▶ What is expected: Wherever pictures appear in the listing below, leave them out, and copy exactly, and only, everything from the line with "hb images - Porto - b-w street laundry_" down to the line with "Tripmastaz & Guti - RU HAPPY".

▶ Records shown:
____

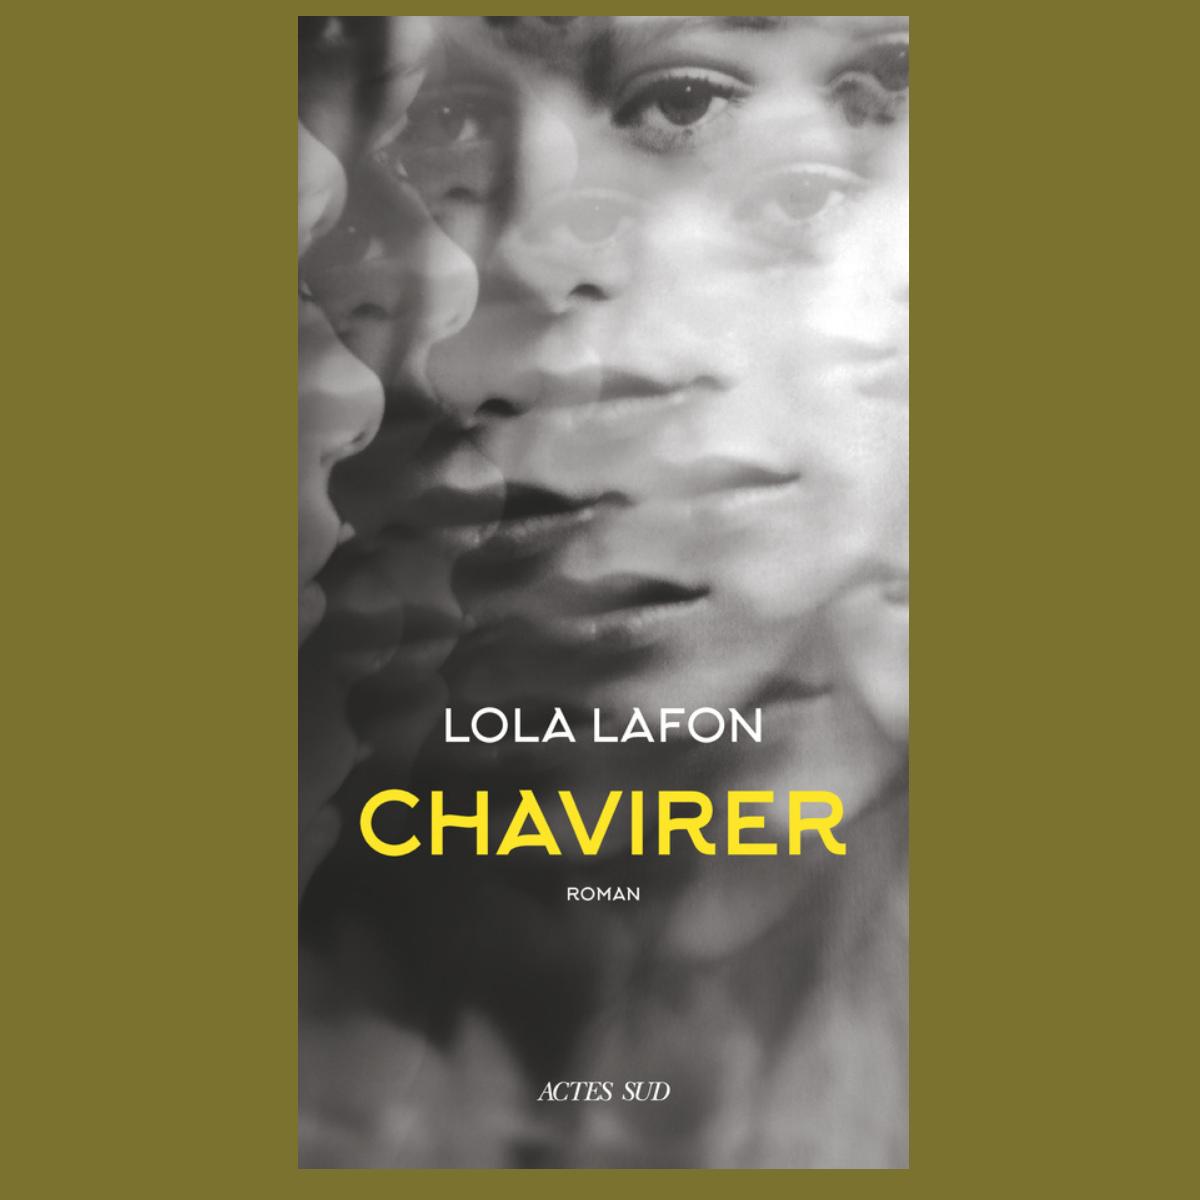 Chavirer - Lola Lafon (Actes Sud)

____

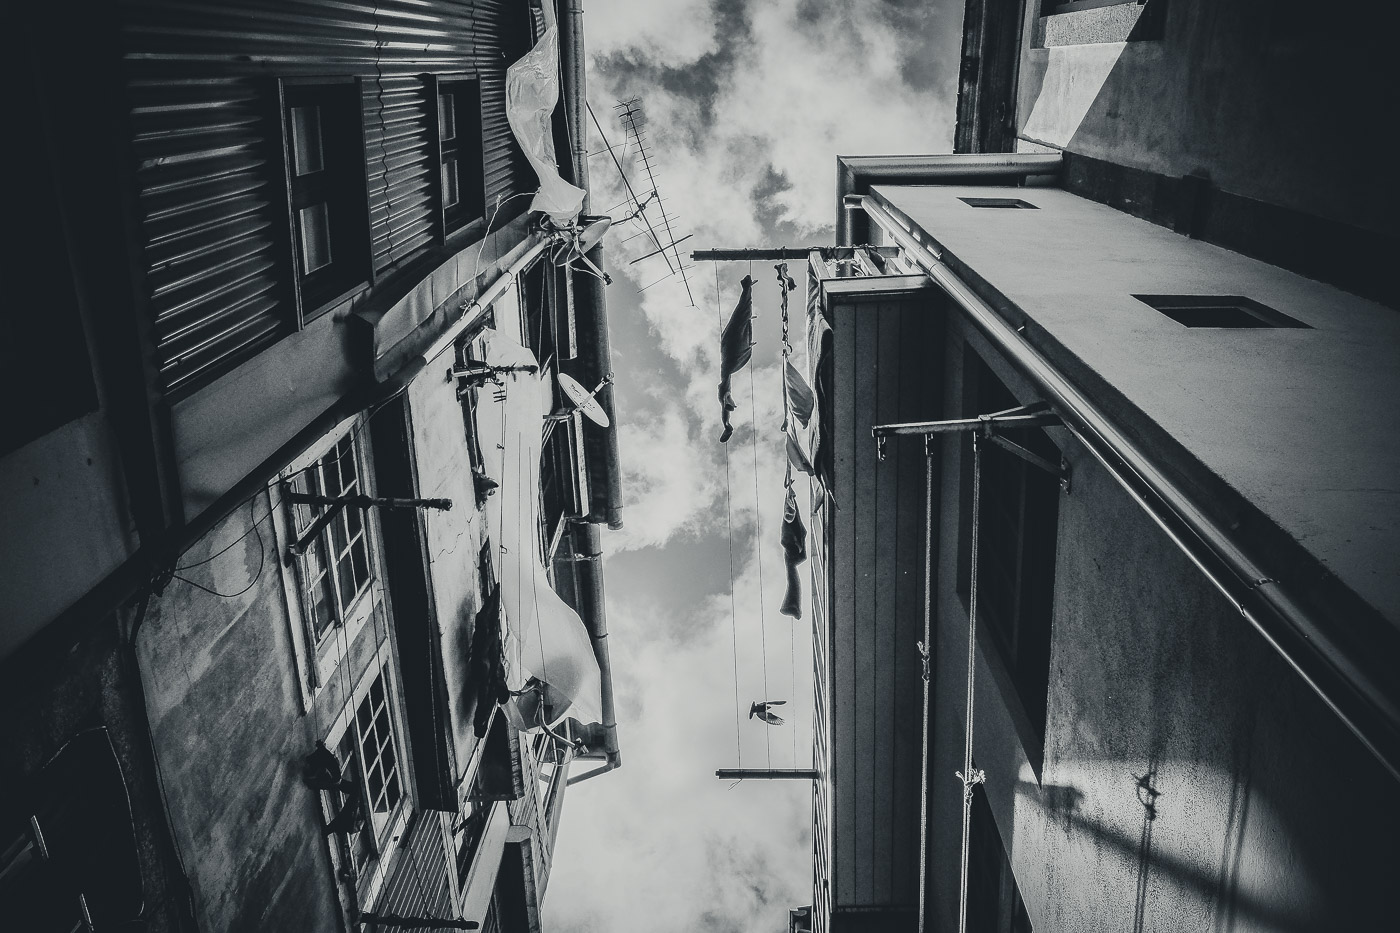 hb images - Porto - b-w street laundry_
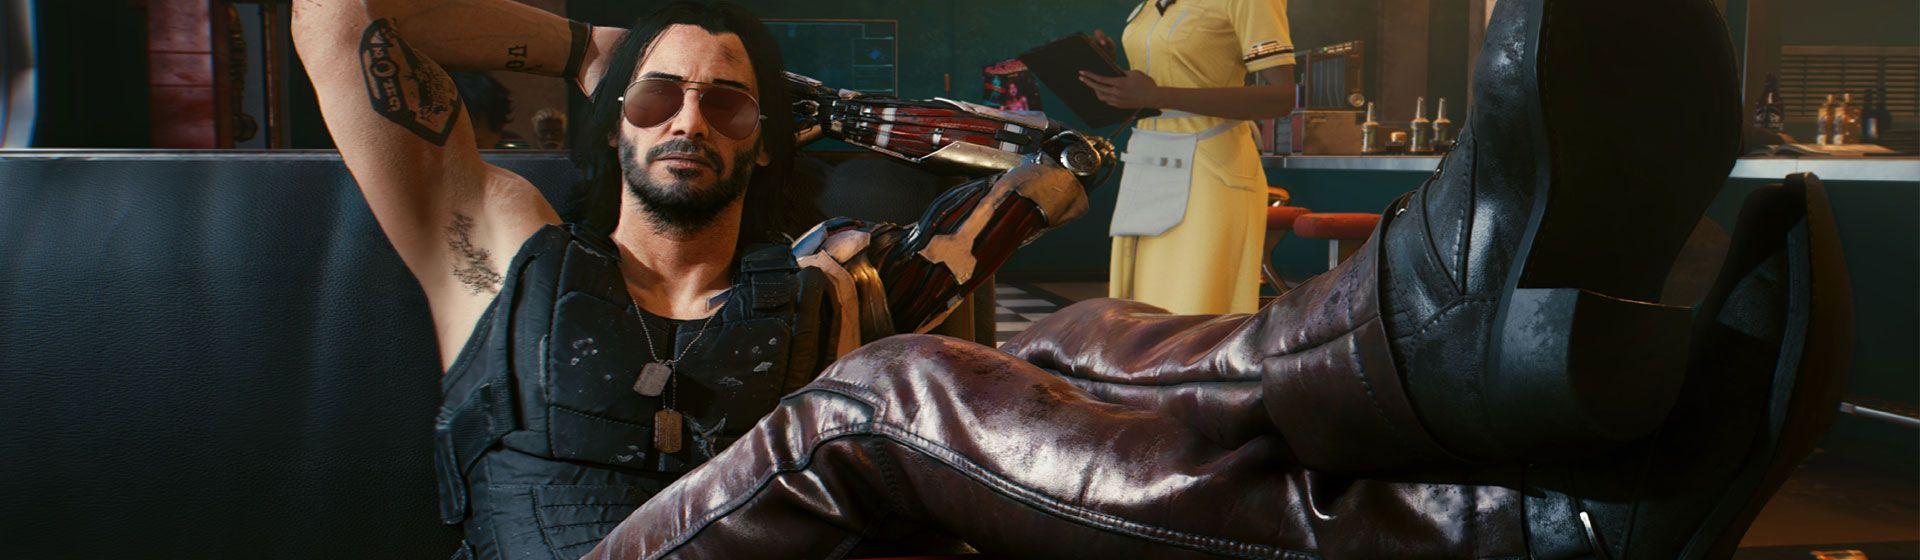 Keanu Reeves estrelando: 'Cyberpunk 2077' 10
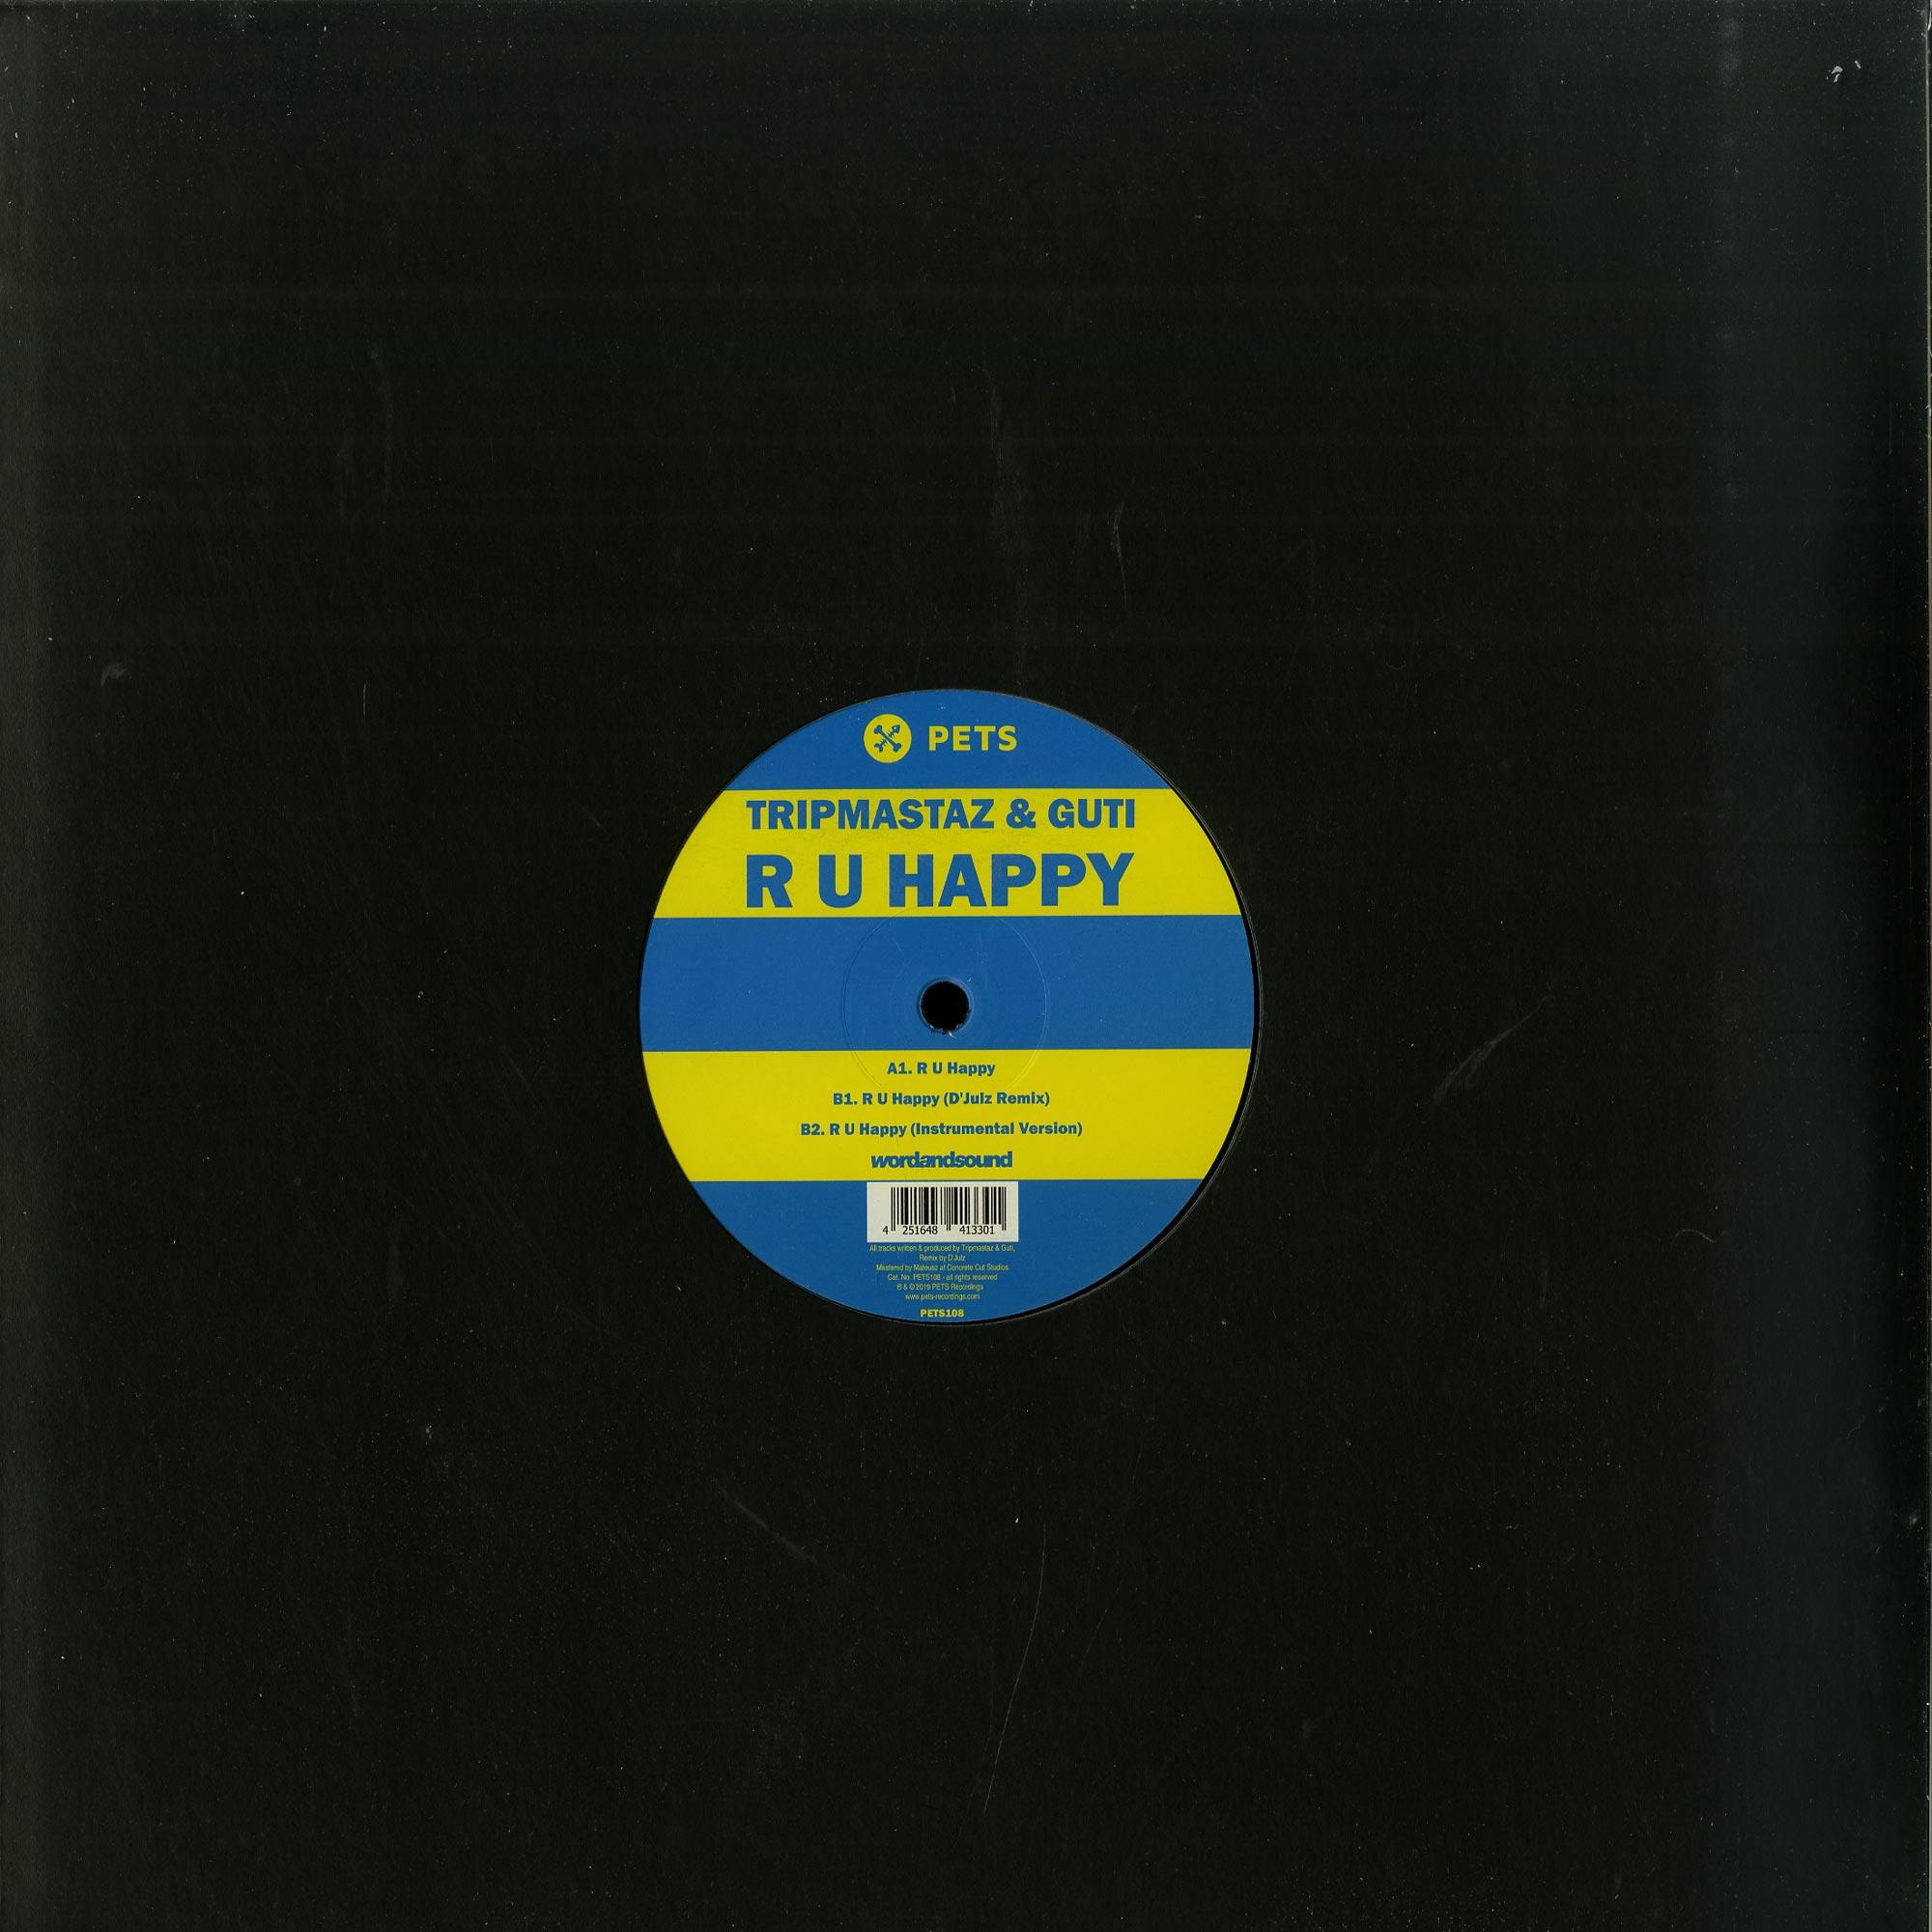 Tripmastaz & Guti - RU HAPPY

____

▶ Exercise response:
 hb images - Porto - b-w street laundry_
 Keanu Reeves estrelando: 'Cyberpunk 2077' 10
 Tripmastaz & Guti - RU HAPPY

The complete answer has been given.